The create operation requires Database Admin permissions. The creator of the materialized view becomes the Admin of it.

Syntax

.create [async] [ifnotexists] materialized-view
[ with (PropertyName = PropertyValue,...)]
ViewName on table SourceTableName
{
    Query
}

Arguments

Argument Type Description
ViewName String Materialized View name. The view name can't conflict with table or function names in same database and must adhere to the identifier naming rules.
SourceTableName String Name of source table that the view is defined on.
Query String The materialized view query. For more information, see query.

Note

  • If the materialized view already exists:
    • If ifnotexists flag is specified, the command is ignored. No change applied, even if the new definition doesn't match the existing definition.
    • If ifnotexists flag isn't specified, an error is returned.
    • To alter an existing materialized view, see .alter materialized-view command.

Query argument

The query used in the materialized view argument is limited by the following rules:

  • The query argument should reference a single fact table that is the source of the materialized view, include a single summarize operator, and one or more aggregation functions aggregated by one or more groups by expressions. The summarize operator must always be the last operator in the query.

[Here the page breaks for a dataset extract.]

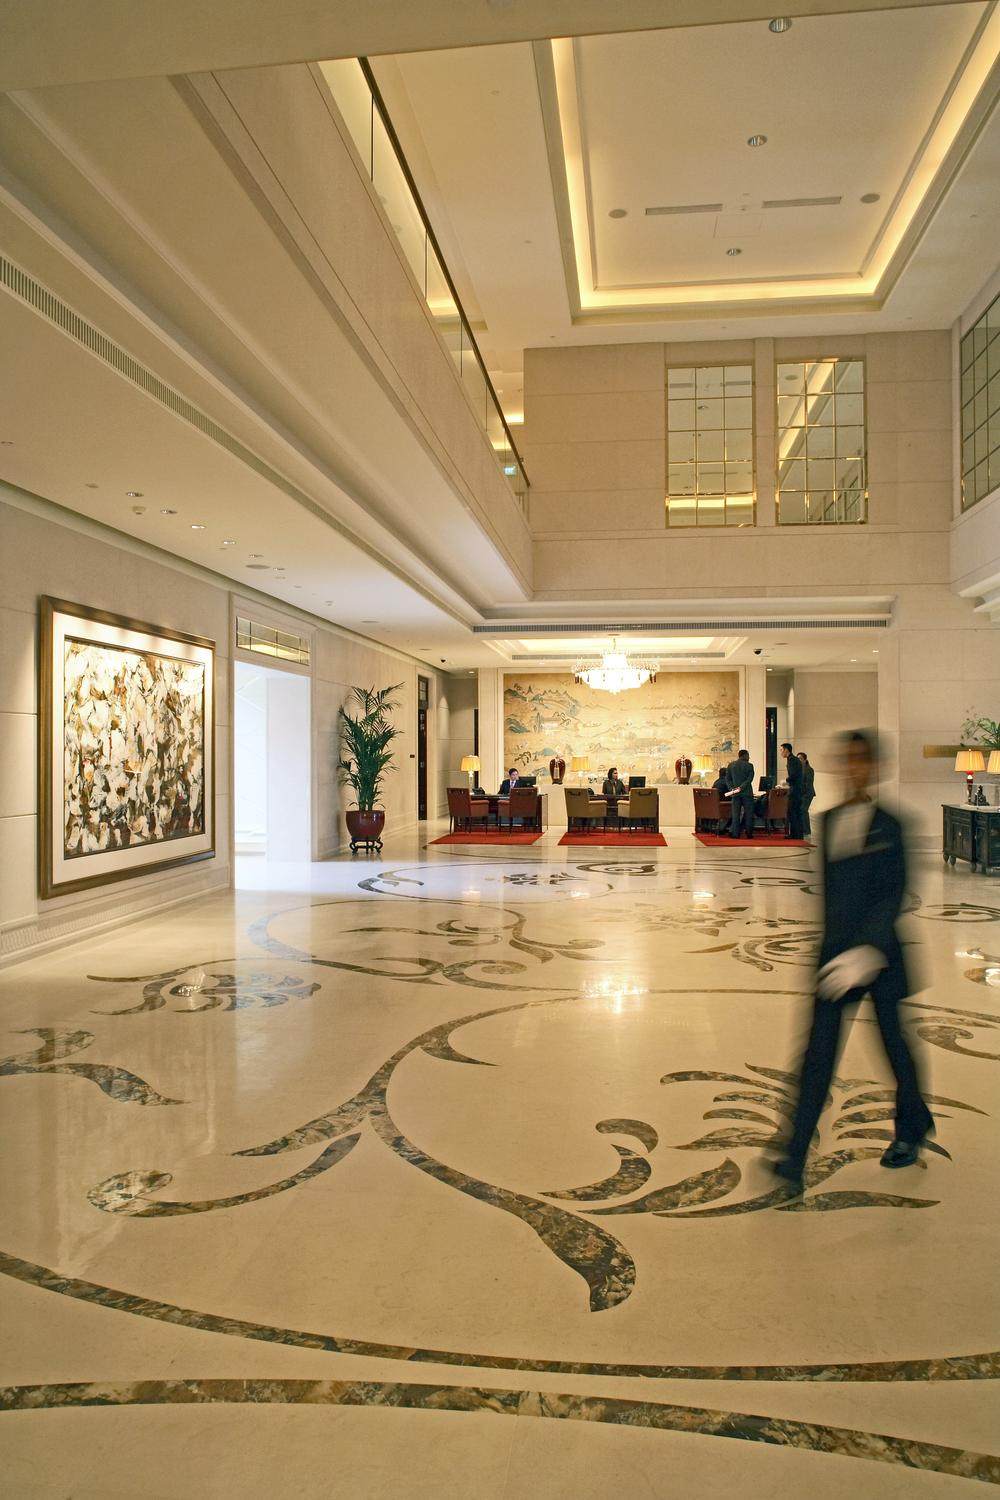 新加坡瑞吉酒店 he St. Regis Singapore_10)The St. Regis Singapore—The St. Regis Singapore Lobby 拍攝者.jpg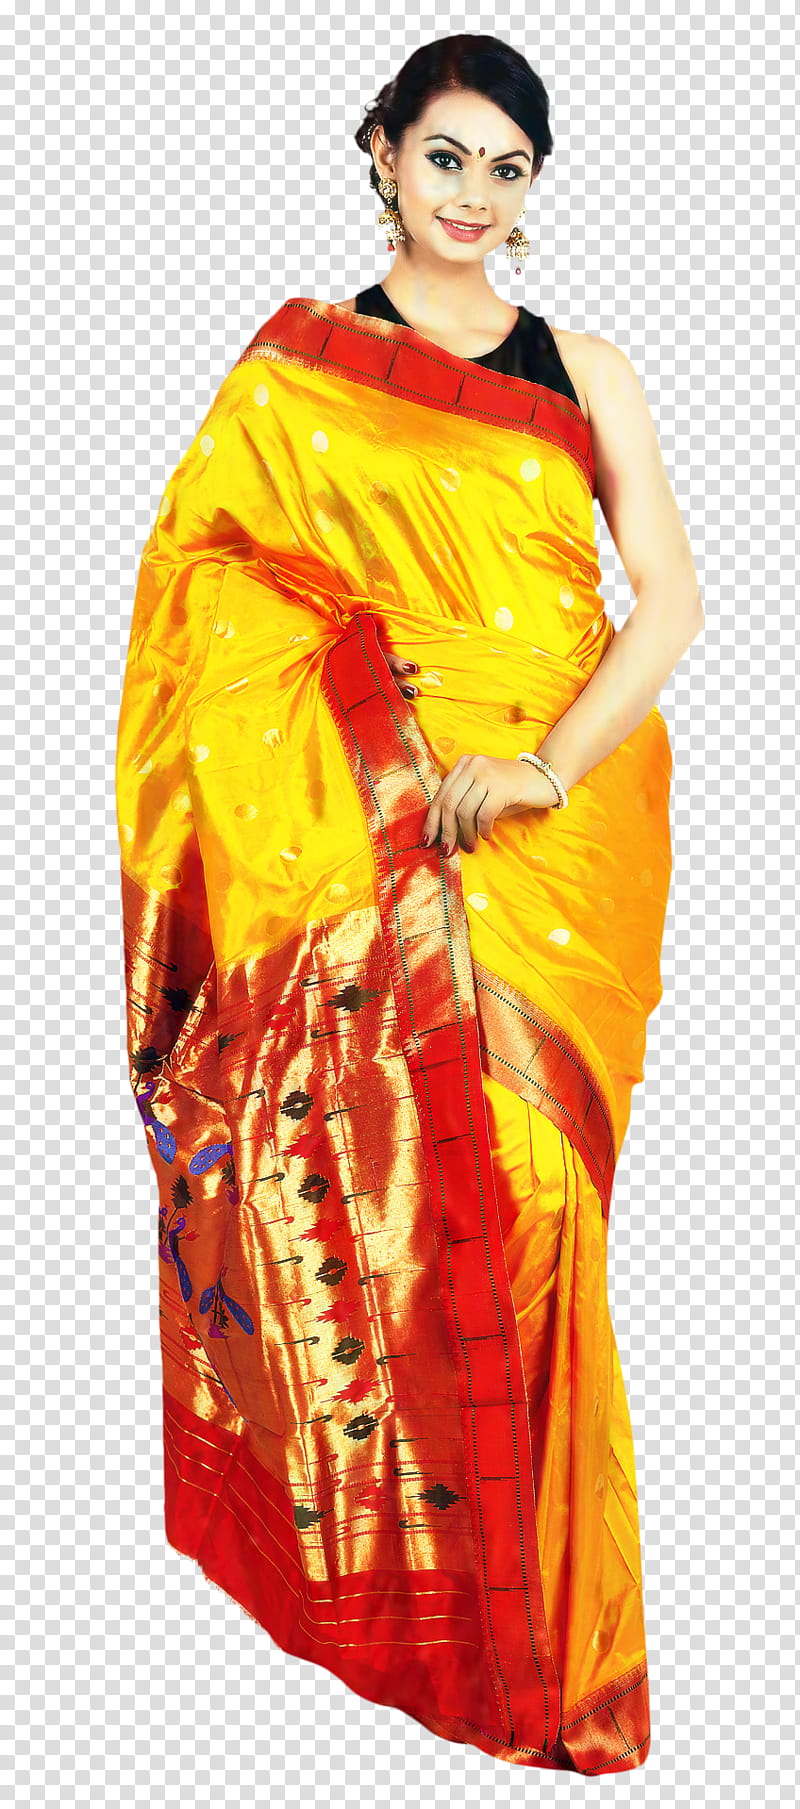 India Wedding, Sari, Wedding Sari, Paithani, Yeola, Dress, Clothing, Clothing In India transparent background PNG clipart

    • A materialized view that only includes a single arg_max/arg_min/take_any aggregation might perform better than a materialized view that includes these aggregations along with other aggregations (such as count/dcount/avg). This is because some optimizations are only relevant to these kinds of materialized views, and won't apply when the view includes "mixed" aggregation functions (where mixed means both arg_max/arg_min/take_any and other aggregations in the same view).
  • The query shouldn't include any operators that depend on now(). For example, the query shouldn't have where Timestamp > ago(5d). Limit the period of time covered by the view using the retention policy on the materialized view.

  • The following operators are not supported in the materialized view query: order by, sort by, top-nested, top, partition, serialize.

  • Composite aggregations are not supported in the materialized view definition. For instance, instead of the following view: SourceTable | summarize Result=sum(Column1)/sum(Column2) by Id, define the materialized view as: SourceTable | summarize a=sum(Column1), b=sum(Column2) by Id. During view query time, run - ViewName | project Id, Result=a/b. The required output of the view, including the calculated column (a/b), can be encapsulated in a stored function. Access the stored function instead of accessing the materialized view directly.

  • Cross-cluster/cross-database queries aren't supported.

  • References to external_table() and externaldata aren't supported.

  • The materialized view query cannot include any callouts that require impersonation. Specifically, all query connectivity plugins that use impersonation aren't allowed.

  • In addition to the source table of the view, it may also reference one or more dimension tables. Dimension tables must be explicitly called out in the view properties. It is important to understand the behavior when joining with dimension tables:

    • Records in the view's source table (the fact table) are materialized once only. Updates to the dimension tables do not have any impact on records that have already been processed from the fact table.

    • A different ingestion latency between the fact table and the dimension table may impact the view results.

    • Example: A view definition includes an inner join with a dimension table. At the time of materialization, the dimension record was not fully ingested, but was already ingested to the fact table. This record will be dropped from the view and never reprocessed again.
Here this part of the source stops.